Le elezioni francesi mostrano i limiti della Lega lepenista di Salvini

Carlo Lottieri

Nazionalismo e centralismo spingono il Carroccio verso il M5s, ma lontano dalla propria tradizione liberale e autonomista

L’esito del ballottaggio francese era largamente prevedibile. In fondo, gli sforzi compiuti dal Front National per liberarsi della propria pesante eredità non sono stati sufficienti a smuovere un elettorato che ha temuto, più di ogni altra cosa, di dover fare i conti con le disastrose conseguenze di un’eventuale uscita dall’euro.

 

Da noi, il risultato dovrebbe farci capire quanto sia difficile trovare un’alternativa alla socialdemocrazia, da un lato, e al dirigismo tecnocratico, dall’altro, se ci si affida a una sorta di socialismo di destra, protezionista e illiberale. In particolare, dovrebbe far riflettere la dirigenza della Lega, che se un tempo era una formazione favorevole all’autogoverno delle comunità locali, ora sposa logiche sovraniste e centraliste. L’alleanza di Matteo Salvini con le due signore del post-fascismo francese e italiano (Marine Le Pen e Giorgia Meloni) incarna proprio la nuova identità di un movimento che, un tempo, era a vocazione secessionista e anti-italiana.

 

Il nazionalismo non è in grado di risolvere alcun problema. E non è neppure in grado di consentire a chi se ne fa interprete di vincere la competizione elettorale. E’ ragionevole pensare che Salvini sia consapevole di questo. D’altra parte, la sua strategia non sembra basarsi su un centro-destra egemonizzato dalla Lega e capace di sconfiggere Renzi e Grillo, ma semmai sulla conquista di quei seggi che – entro un quadro politico che sarà certamente assai frammentato – possono attribuirgli un ruolo. Sono ormai in molti a ritenere che prima o poi si potrebbe assistere a un accordo (probabilmente post-elettorale) tra M5S e Lega.
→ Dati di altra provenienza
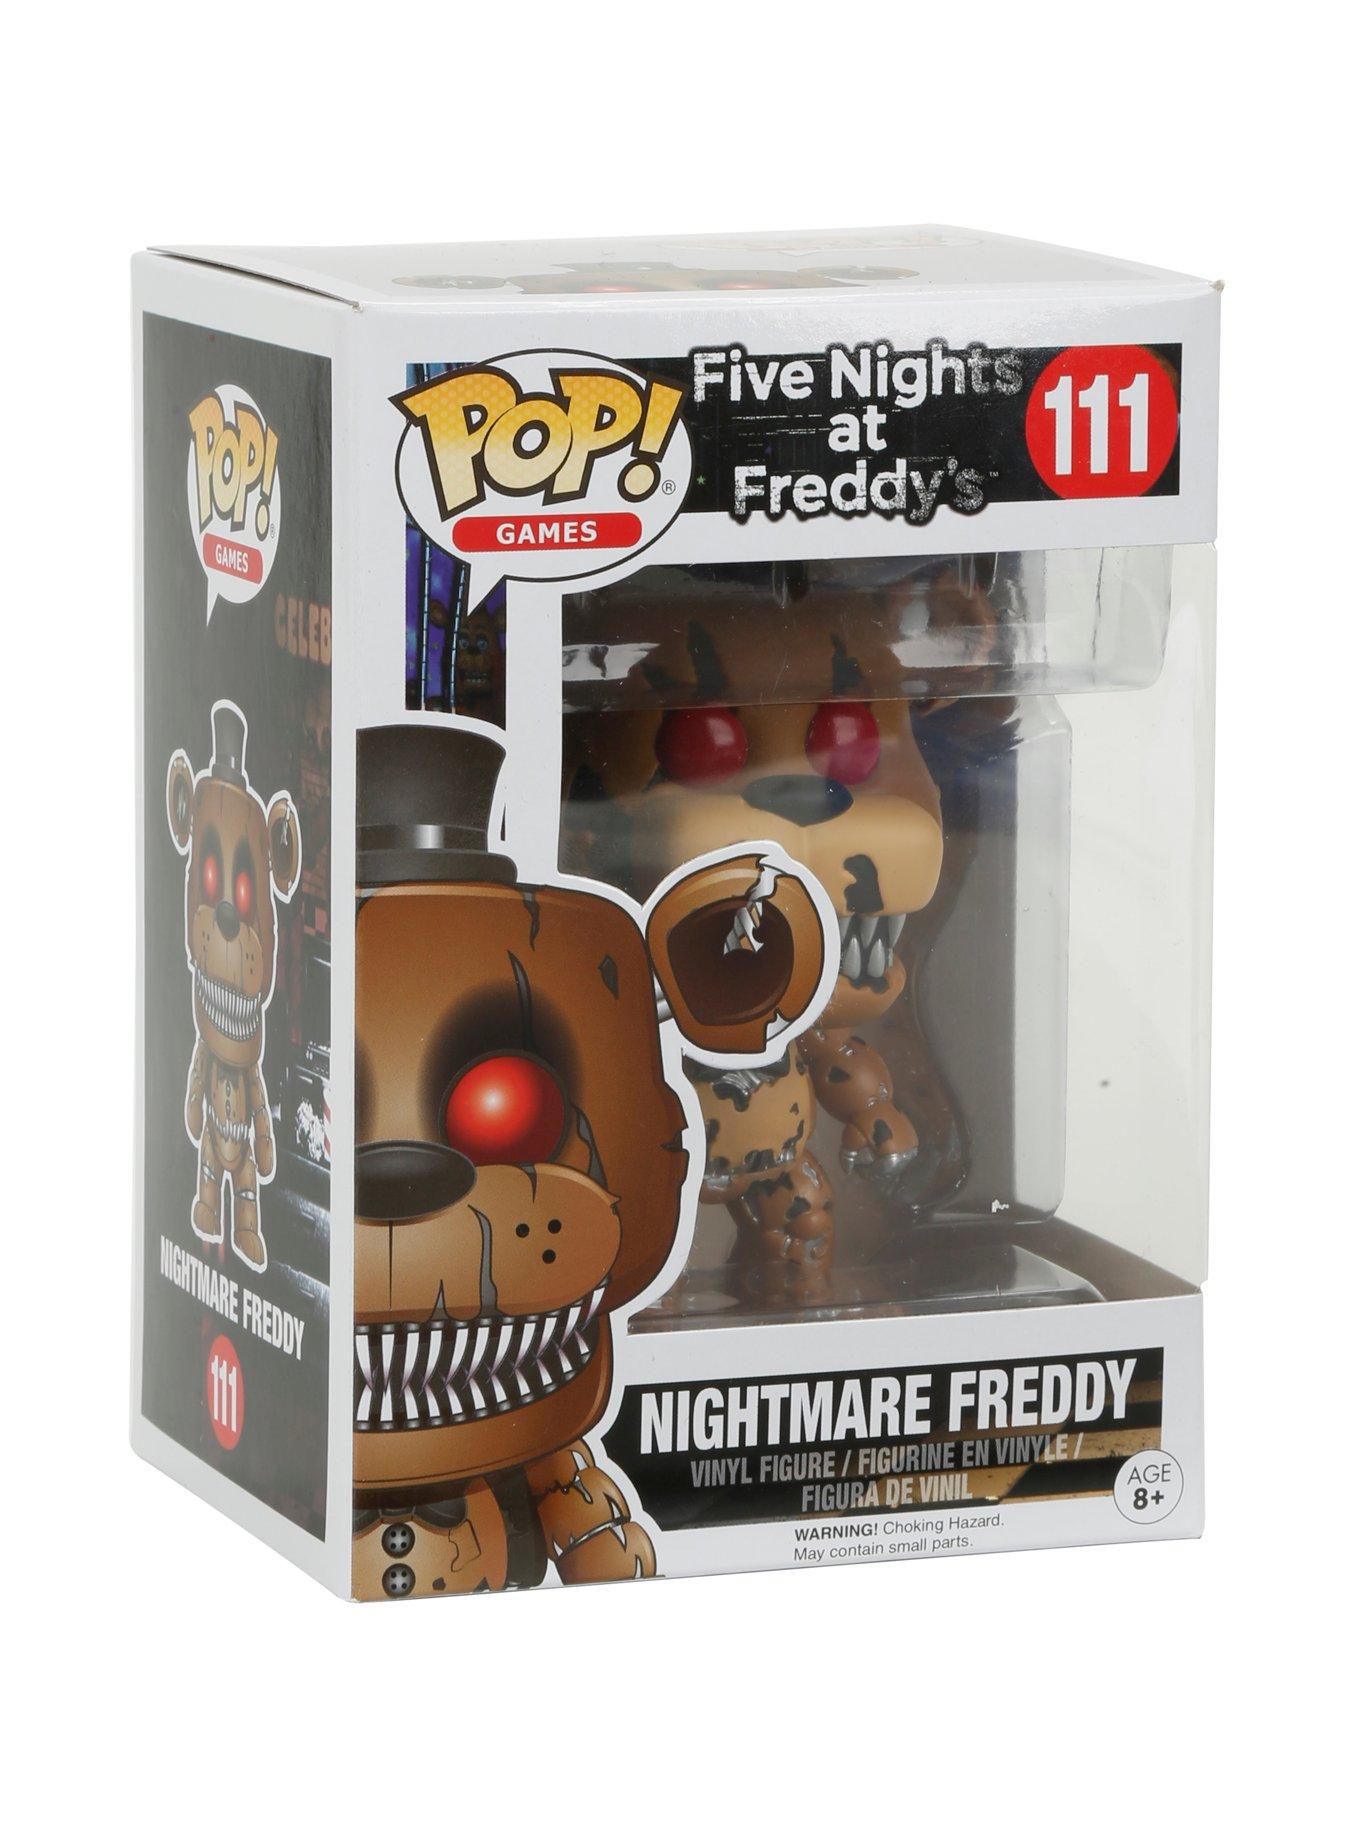  Funko Five Nights at Freddy's - Nightmare Freddy Toy

Ma tutto questo a cosa è finalizzato?

 

Sembra ormai che l’orizzonte della Lega odierna sia tutto romano. Bene o male la Lega di Bossi sembrava puntare a ottenere (o così faceva credere) spazi di autonomia per le regioni settentrionali. E’ vero, che nel corso di trent’anni il bilancio è risultato disastroso: mai una sola volta il sostengo dei voti leghisti è stato condizionato a una riduzione del residuo fiscale o alla celebrazione di un referendum sull’indipendenza di Veneto o Lombardia. Nonostante ciò, la propaganda leghista si basava sulla difesa degli interessi e dei diritti delle aree settentrionali. Ora tutto è cambiato. Salvini ha spodestato Bossi, ma al contempo ha ereditato un partito ultraverticista. Non solo: dalla Lega precedente il nuovo leader ha salvato le battaglie contro l’immigrazione e quelle sull’ordine pubblico. In tal modo, focalizzandosi su questi temi, ha ha trasformato il più anti-nazionalista dei partiti nell’alfiere di un nuovo nazionalismo.

 

Nei giorni scorsi le dichiarazioni di Bossi a favore di Macron ci hanno detto questo. Hanno mostrato un leader accantonato e livoroso, che ha riesumato in maniera strumentale il vecchio armamentario antifascista per togliersi dalle scarpe qualche sassolino. Ma il Senatur ha potuto parlare così perché, effettivamente, l’operazione di Salvini ha qualcosa di incredibile: un po’ come se un erede di Pannella facesse dei radicali un partito clericale.

 

L’operazione può forse essere pagante, nei piani di un Salvini che punta ad avere in mano carte pesanti nella partita volta a controllare Montecitorio. Questa nuova Lega di stampo lepenista appare però difficilmente integrabile in un ipotetico rinato centrodestra che non voglia perdere i residui tratti liberali. Ed essa appare ancor meno interessante per quanti, soprattutto in Veneto ma non solo, continuano a credere che alcune parole d’ordine dell’indipendentismo siano più attuali oggi di quanto non lo fossero trent’anni fa.